Archstone-Smith (NYSE: ASN), an S&P 500 company, is a recognized leader in apartment investment and operations. With a current total market capitalization of $17.1 billion, the company's portfolio is concentrated in many of the most desirable neighborhoods in the Washington, D.C. metropolitan area, Southern California, the San Francisco Bay Area, the New York City metropolitan area, Boston, Southeast Florida, Chicago, and Seattle.  The company continually upgrades the quality of its portfolio through the selective sale of assets, using proceeds to fund investments in assets with even better growth prospects. Through its two brands, Archstone and Charles E. Smith, Archstone-Smith strives to provide great apartments and great service to its customers – backed by unconditional service guarantees. As of December 31, 2005, Archstone-Smith owned or had an ownership position in 257 communities, representing 86,930 units, including units under construction.
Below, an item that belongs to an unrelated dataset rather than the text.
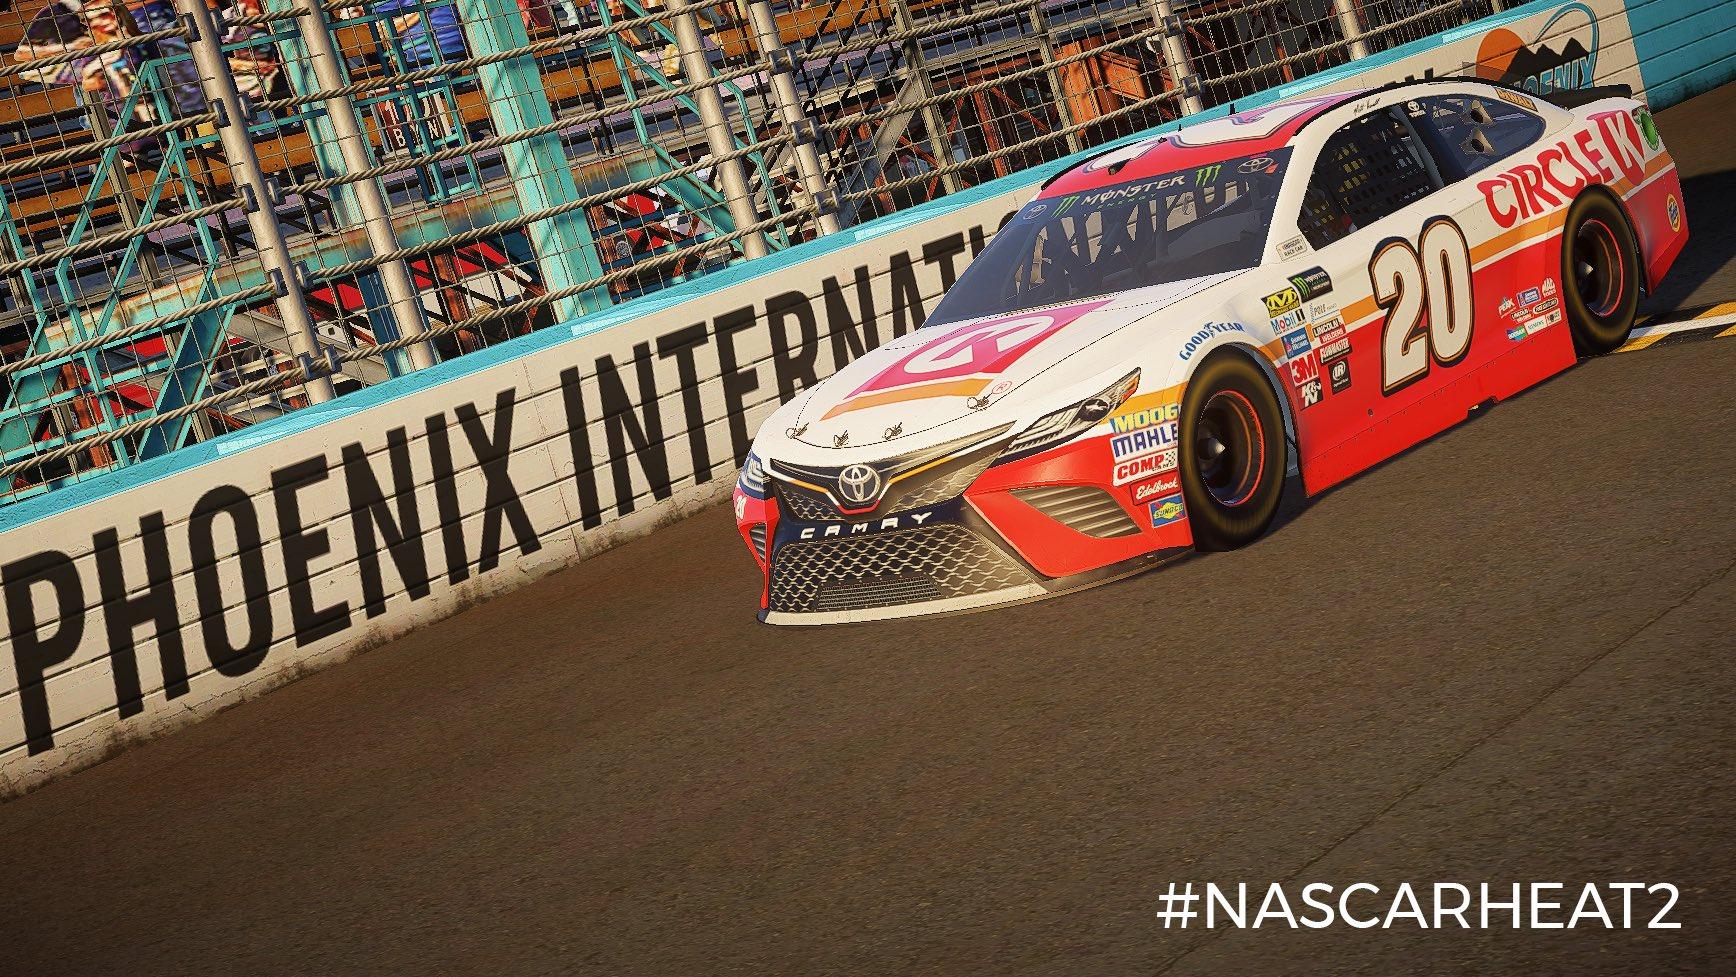 NASCAR HEAT 2 November DLC Details Revealed 2.jpg

For full financials, click here.

Archstone-Smith's year-end 2005 full financials and archived press releases are available on its web site at www.ArchstoneSmith.com or may be obtained by calling (800) 982-9293.


In addition to historical information, this press release and quarterly supplemental information contain forward-looking statements and information under the federal securities law. These statements are based on current expectations, estimates and projections about the industry and markets in which Archstone-Smith operates, management's beliefs and assumptions made by management. While Archstone-Smith management believes the assumptions underlying its forward-looking statements and information are reasonable, such information is necessarily subject to uncertainties and may involve certain risks, many of which are difficult to predict and are beyond management's control. As such, these statements and information are not guarantees of future performance, and actual operating results may differ materially from what is expressed or forecasted in this press release and supplemental information. See "Risk Factors" in Archstone-Smith's 2004 Annual Report on Form 10-K for factors which could affect Archstone-Smith's future financial performance.